%%

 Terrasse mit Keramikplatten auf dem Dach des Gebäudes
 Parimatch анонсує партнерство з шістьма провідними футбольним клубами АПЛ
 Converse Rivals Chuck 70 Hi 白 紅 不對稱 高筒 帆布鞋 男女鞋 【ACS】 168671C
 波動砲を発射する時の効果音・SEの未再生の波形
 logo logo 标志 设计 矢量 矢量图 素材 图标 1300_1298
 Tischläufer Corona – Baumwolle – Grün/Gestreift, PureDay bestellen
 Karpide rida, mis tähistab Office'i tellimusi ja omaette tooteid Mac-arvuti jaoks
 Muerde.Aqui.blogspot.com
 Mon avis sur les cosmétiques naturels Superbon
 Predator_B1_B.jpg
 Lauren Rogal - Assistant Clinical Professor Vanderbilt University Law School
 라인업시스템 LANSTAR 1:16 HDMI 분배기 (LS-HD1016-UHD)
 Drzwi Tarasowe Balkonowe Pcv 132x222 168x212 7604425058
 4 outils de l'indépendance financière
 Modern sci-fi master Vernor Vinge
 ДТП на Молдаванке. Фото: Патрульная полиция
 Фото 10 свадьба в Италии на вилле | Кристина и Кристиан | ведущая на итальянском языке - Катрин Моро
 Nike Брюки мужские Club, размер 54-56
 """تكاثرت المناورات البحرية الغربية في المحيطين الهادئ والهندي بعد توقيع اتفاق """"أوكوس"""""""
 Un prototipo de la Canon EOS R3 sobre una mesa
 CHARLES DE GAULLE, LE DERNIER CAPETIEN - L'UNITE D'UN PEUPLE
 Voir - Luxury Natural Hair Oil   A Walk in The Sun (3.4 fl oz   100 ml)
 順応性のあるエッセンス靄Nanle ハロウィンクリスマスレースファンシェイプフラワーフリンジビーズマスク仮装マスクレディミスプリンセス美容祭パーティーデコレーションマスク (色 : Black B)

%%

- THE PROBLEM:
Could you output the lines above, exactly as written, from the one containing "Mon avis sur" through the last, with both ends included and no others?

- TASK ANSWER:
 Mon avis sur les cosmétiques naturels Superbon
 Predator_B1_B.jpg
 Lauren Rogal - Assistant Clinical Professor Vanderbilt University Law School
 라인업시스템 LANSTAR 1:16 HDMI 분배기 (LS-HD1016-UHD)
 Drzwi Tarasowe Balkonowe Pcv 132x222 168x212 7604425058
 4 outils de l'indépendance financière
 Modern sci-fi master Vernor Vinge
 ДТП на Молдаванке. Фото: Патрульная полиция
 Фото 10 свадьба в Италии на вилле | Кристина и Кристиан | ведущая на итальянском языке - Катрин Моро
 Nike Брюки мужские Club, размер 54-56
 """تكاثرت المناورات البحرية الغربية في المحيطين الهادئ والهندي بعد توقيع اتفاق """"أوكوس"""""""
 Un prototipo de la Canon EOS R3 sobre una mesa
 CHARLES DE GAULLE, LE DERNIER CAPETIEN - L'UNITE D'UN PEUPLE
 Voir - Luxury Natural Hair Oil   A Walk in The Sun (3.4 fl oz   100 ml)
 順応性のあるエッセンス靄Nanle ハロウィンクリスマスレースファンシェイプフラワーフリンジビーズマスク仮装マスクレディミスプリンセス美容祭パーティーデコレーションマスク (色 : Black B)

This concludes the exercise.